The issue is not that I can’t see the sun. I do know it’s out there. It’s more like the weather is nice there but I’m in the other hemisphere in the middle of winter trapped with three feet of snow on my doorstep.

The sun is out there but my village is flooded and I don’t know how to swim.

The sun is out there but I’m sick and no matter how much I want to be out there my body craves quiet darkness. Weak and frail, it can’t leave the bed.

I can see the sunshine, that has never been an issue. But I can’t see my way to it. I can’t find a way to enjoy it with the dark burden that consumes me.

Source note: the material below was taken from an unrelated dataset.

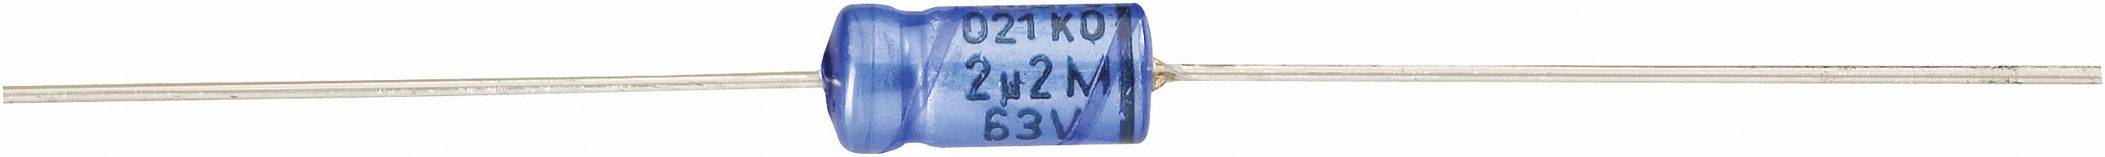 Axiální kondenzátor elektrolytický Vishay 2222 021 28471, 470 µF, 63 V, 20 %, 30 x 12,5 mm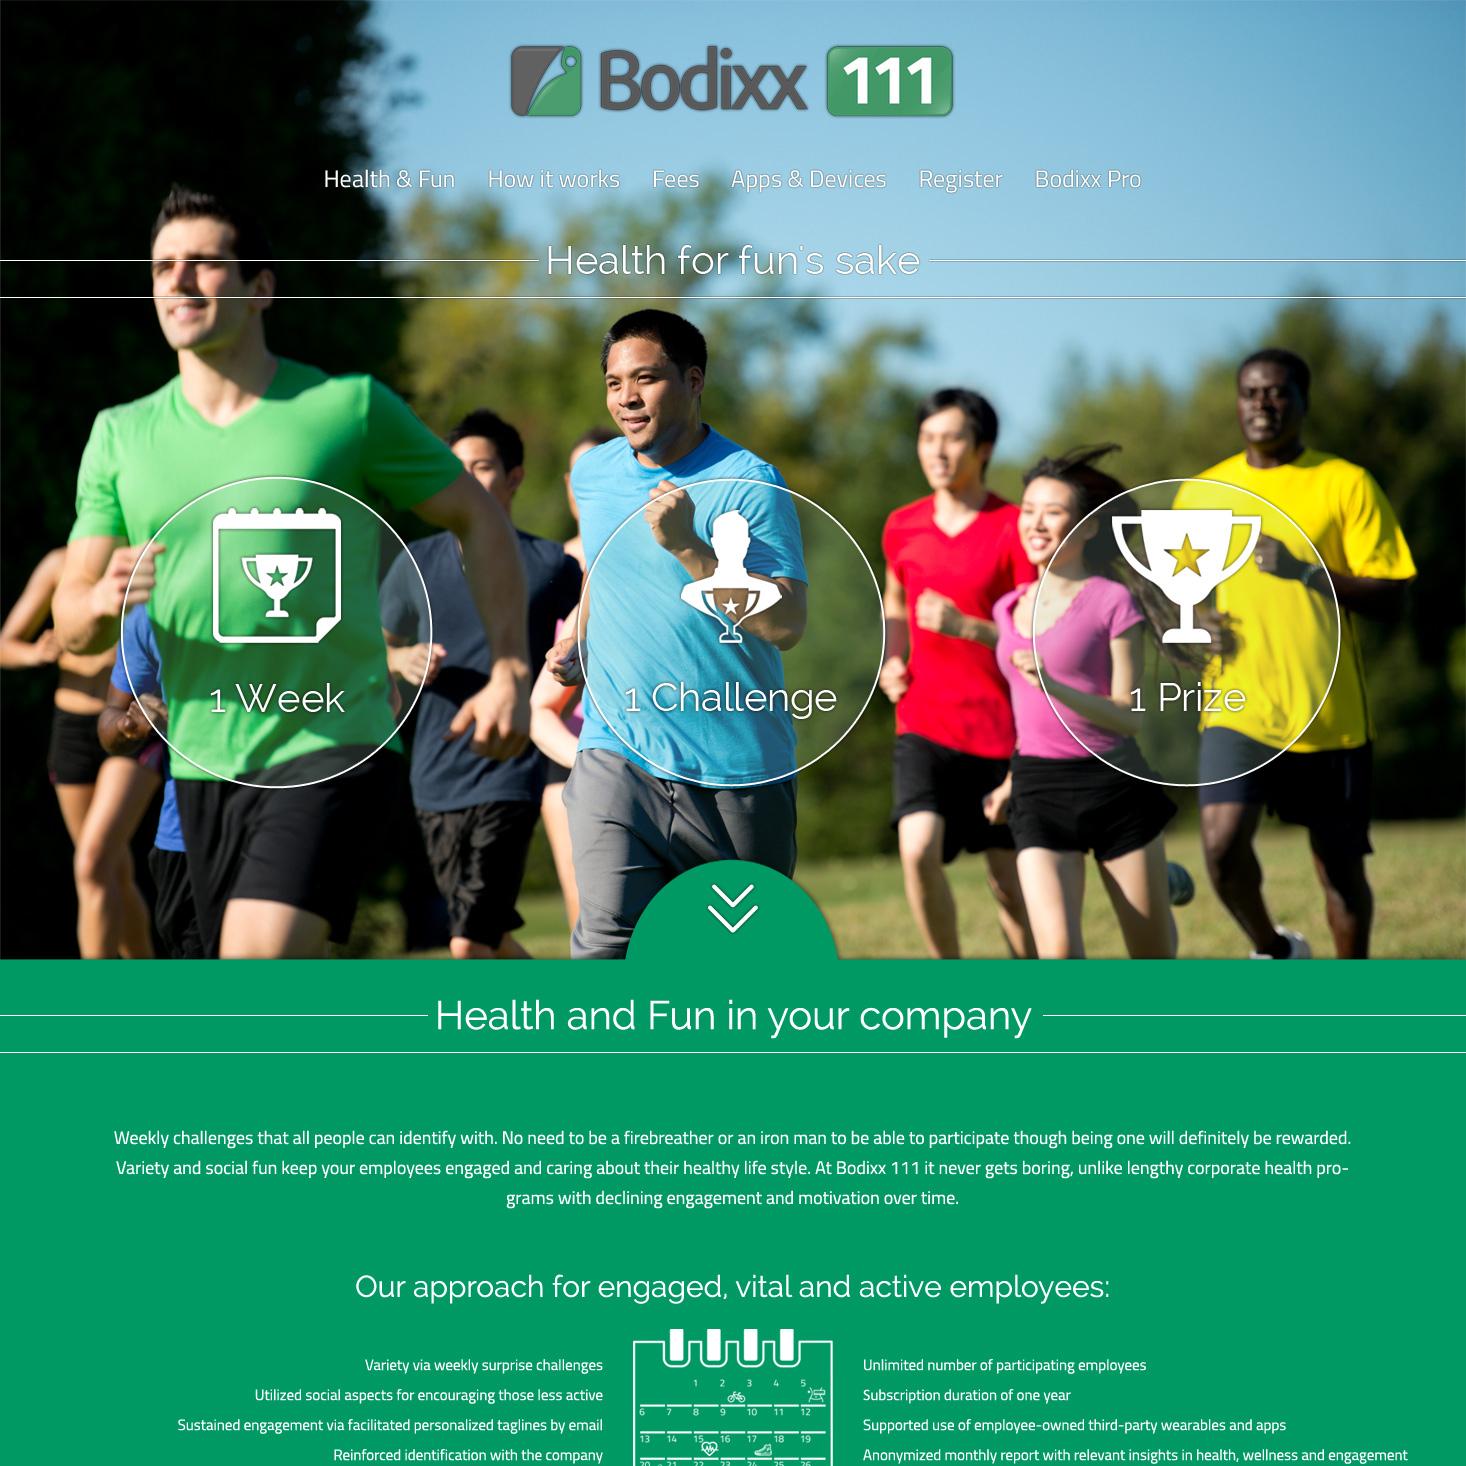 bodixx111 one page website design

Think trying to taste your favourite meal that’s in front of you when you have a cold, your nose is blocked and swallowing hurts your throat. Can you truly enjoy it?

I have always been able to see the sunshine and there hasn’t been a day I haven’t resented myself for not being able to go out and enjoy it. Can’t you not see how much I ache to get there?

I am a house on fire and the sunshine doesn’t matter.

“Put your armbands on and keep on swimming through the flood mate, you will get to the other side. Or build a snowman with a carrot for its nose. Think nice thoughts and everything will be ok.”

How can you reduce my suffering to that.

Can you survive a flood with armbands when the water is rushing sweeping cars away?

Can you afford to build a snowman when you can’t even leave the house to buy food?

Can you think your way out of illness with nice thoughts?

How many metaphors or analogies do I need to use to describe my pain before someone, anyone, understands?

I will be lying on an autopsy table and people like you will still believe I just needed to think nicer thoughts.